Given data Block Start
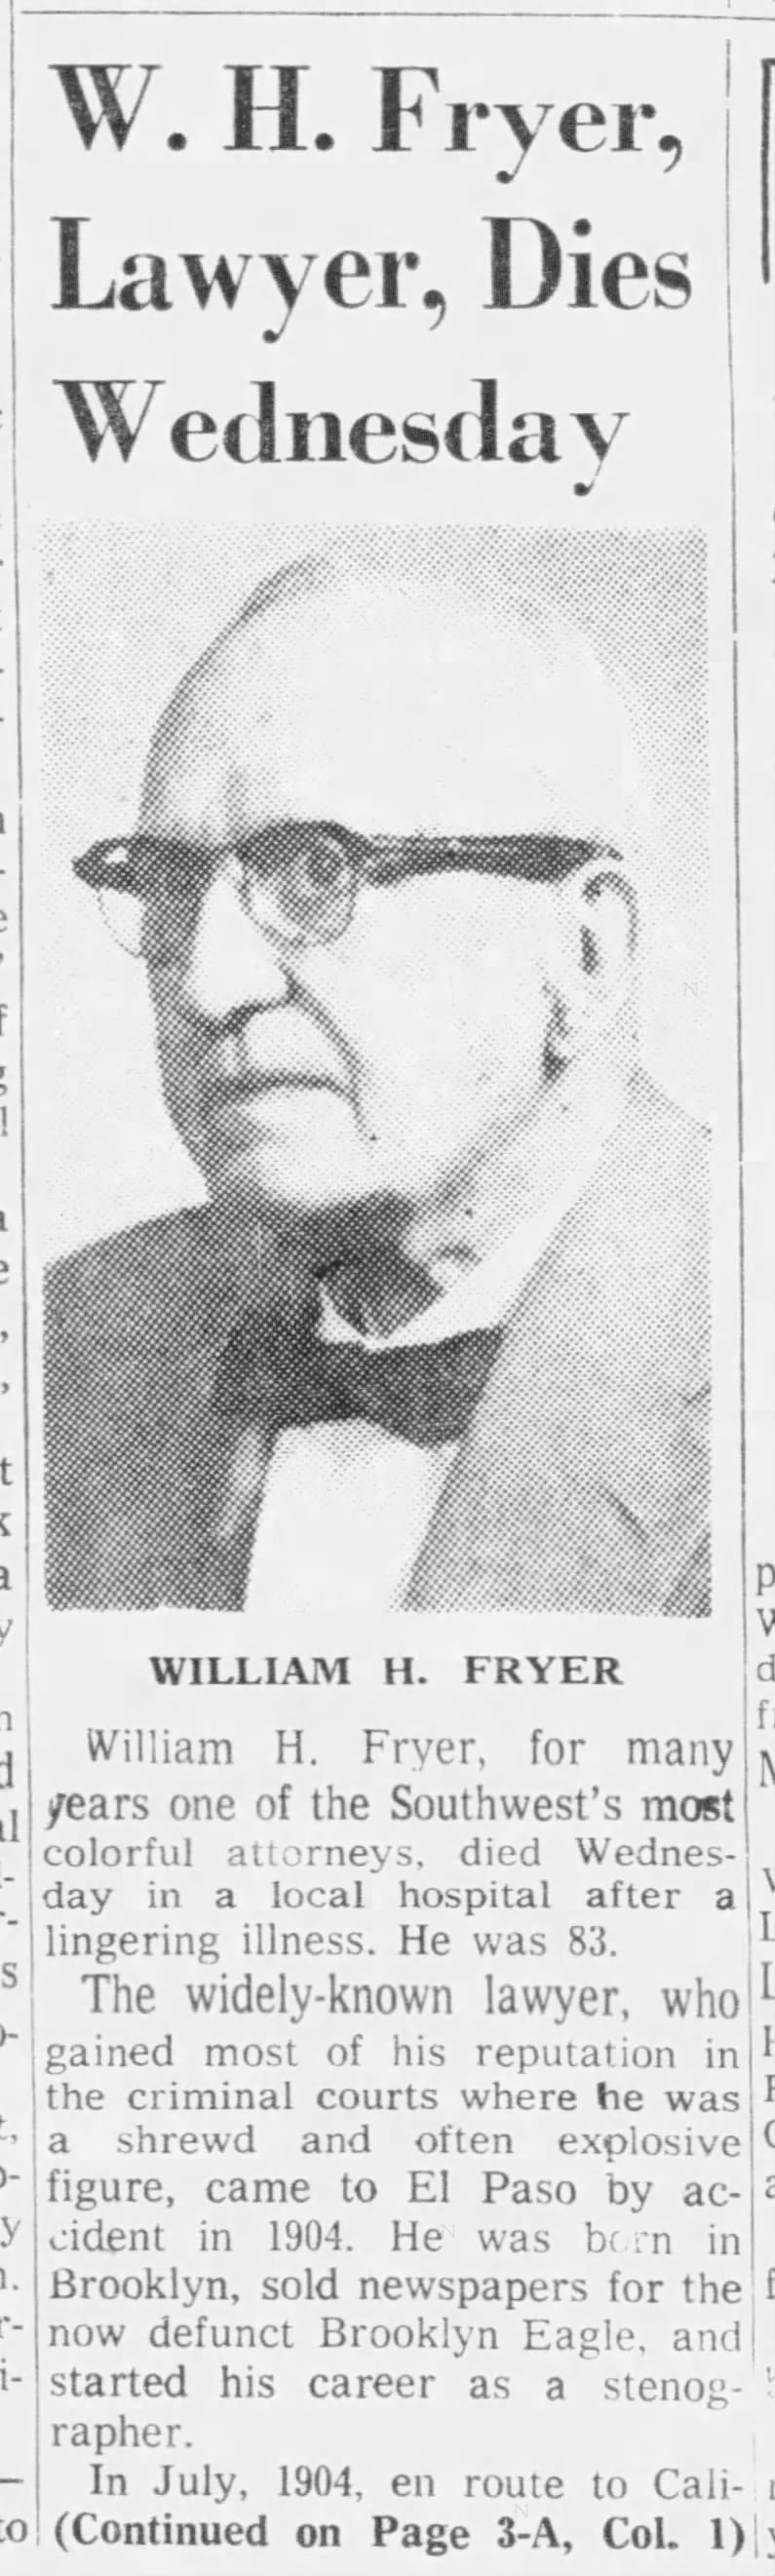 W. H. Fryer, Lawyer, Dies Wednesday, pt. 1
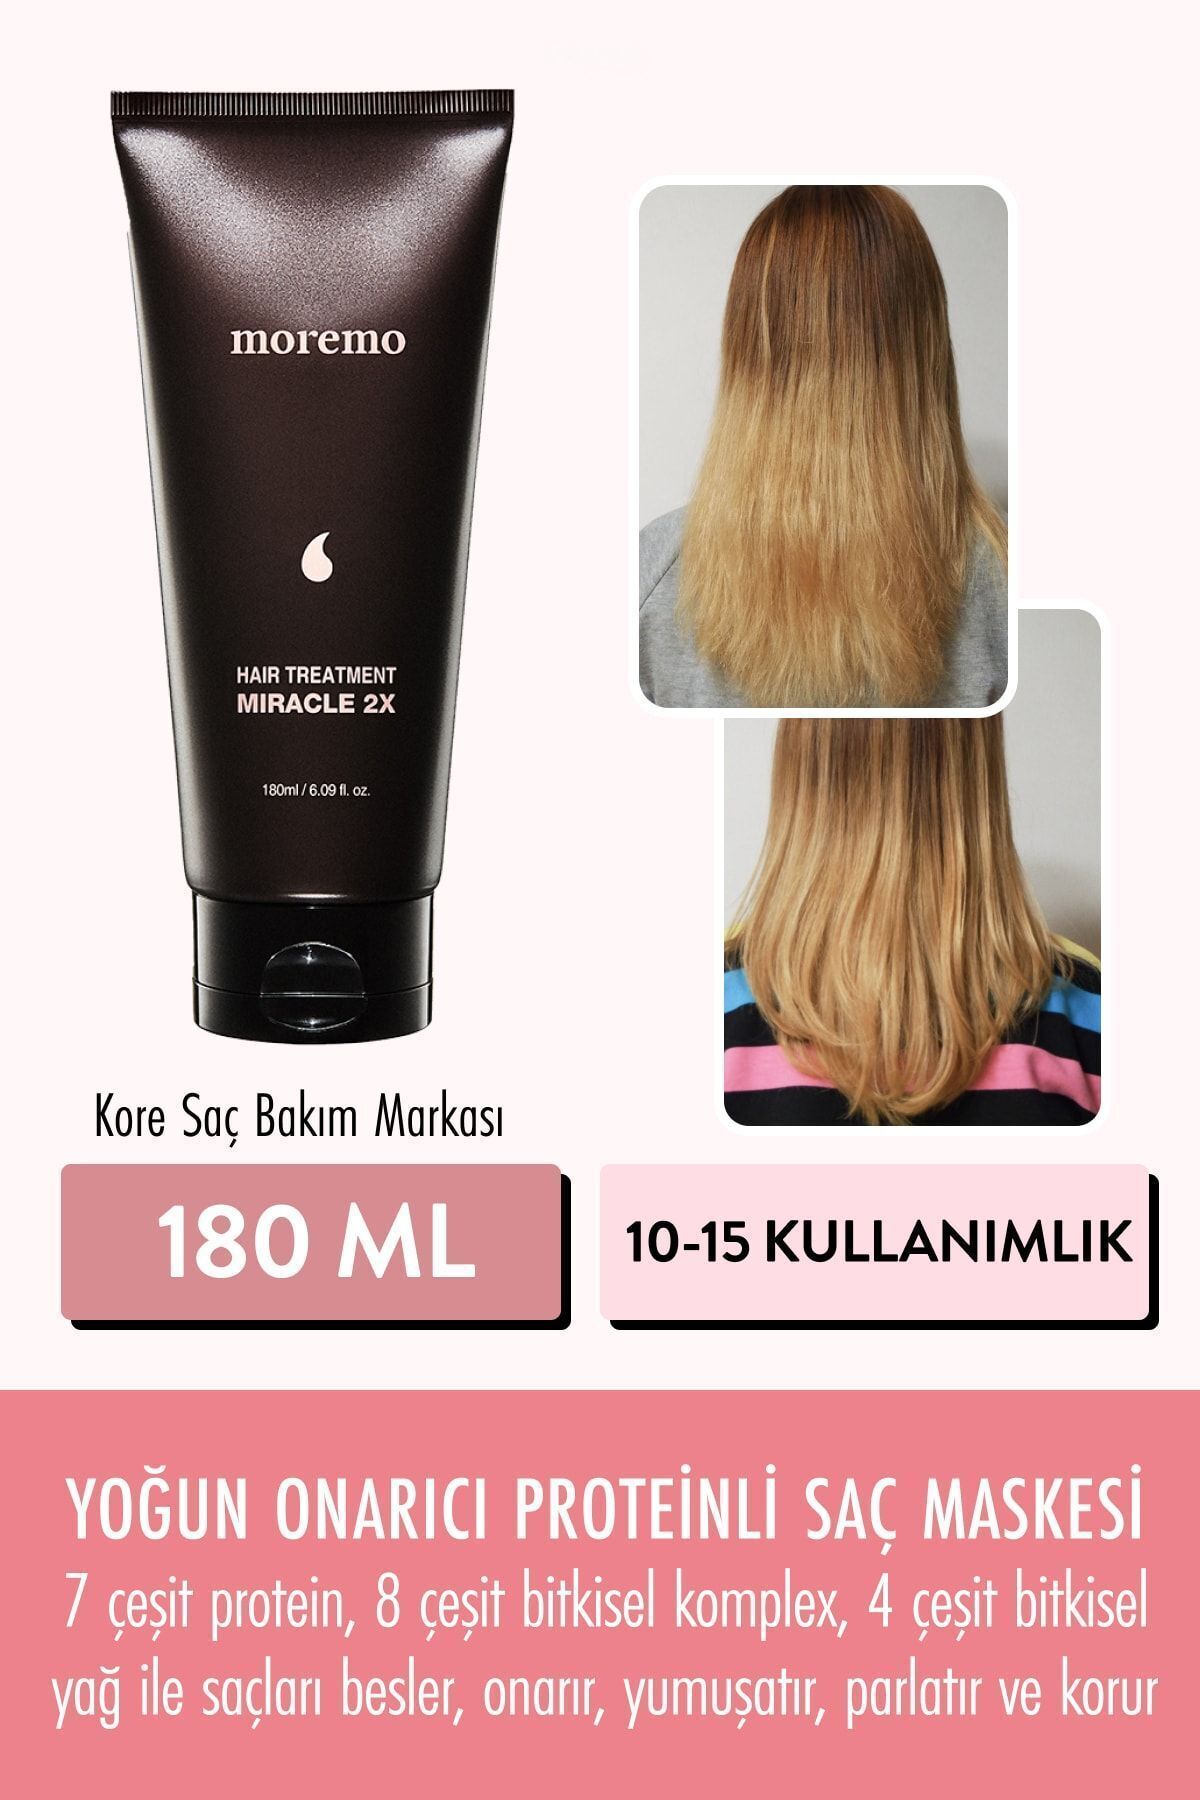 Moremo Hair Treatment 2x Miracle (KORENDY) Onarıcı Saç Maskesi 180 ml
Given data Block End
Given data Block Start
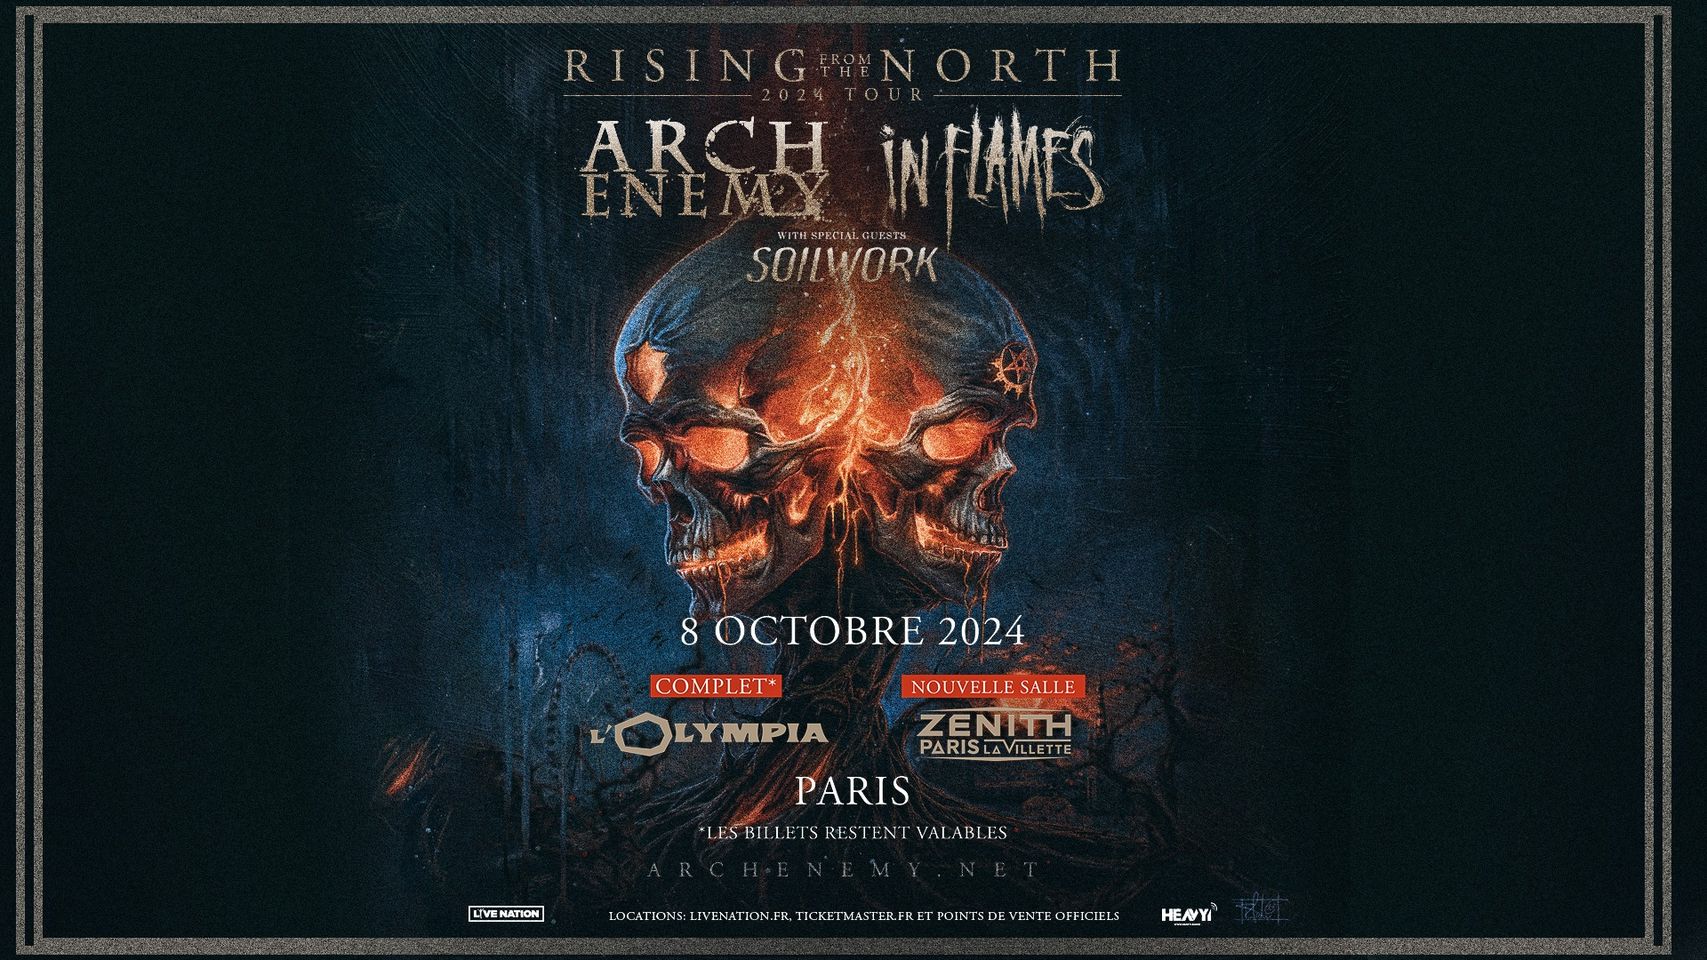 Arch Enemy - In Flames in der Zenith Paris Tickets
Given data Block End
**Work required**
Transcribe only the lines above that start at the line containing "W. H. Fryer, Lawyer, Dies Wednesday, pt. 1" and end at the line containing "Moremo Hair Treatment". Omit pictures.

**Task response**
 W. H. Fryer, Lawyer, Dies Wednesday, pt. 1
 Moremo Hair Treatment 2x Miracle (KORENDY) Onarıcı Saç Maskesi 180 ml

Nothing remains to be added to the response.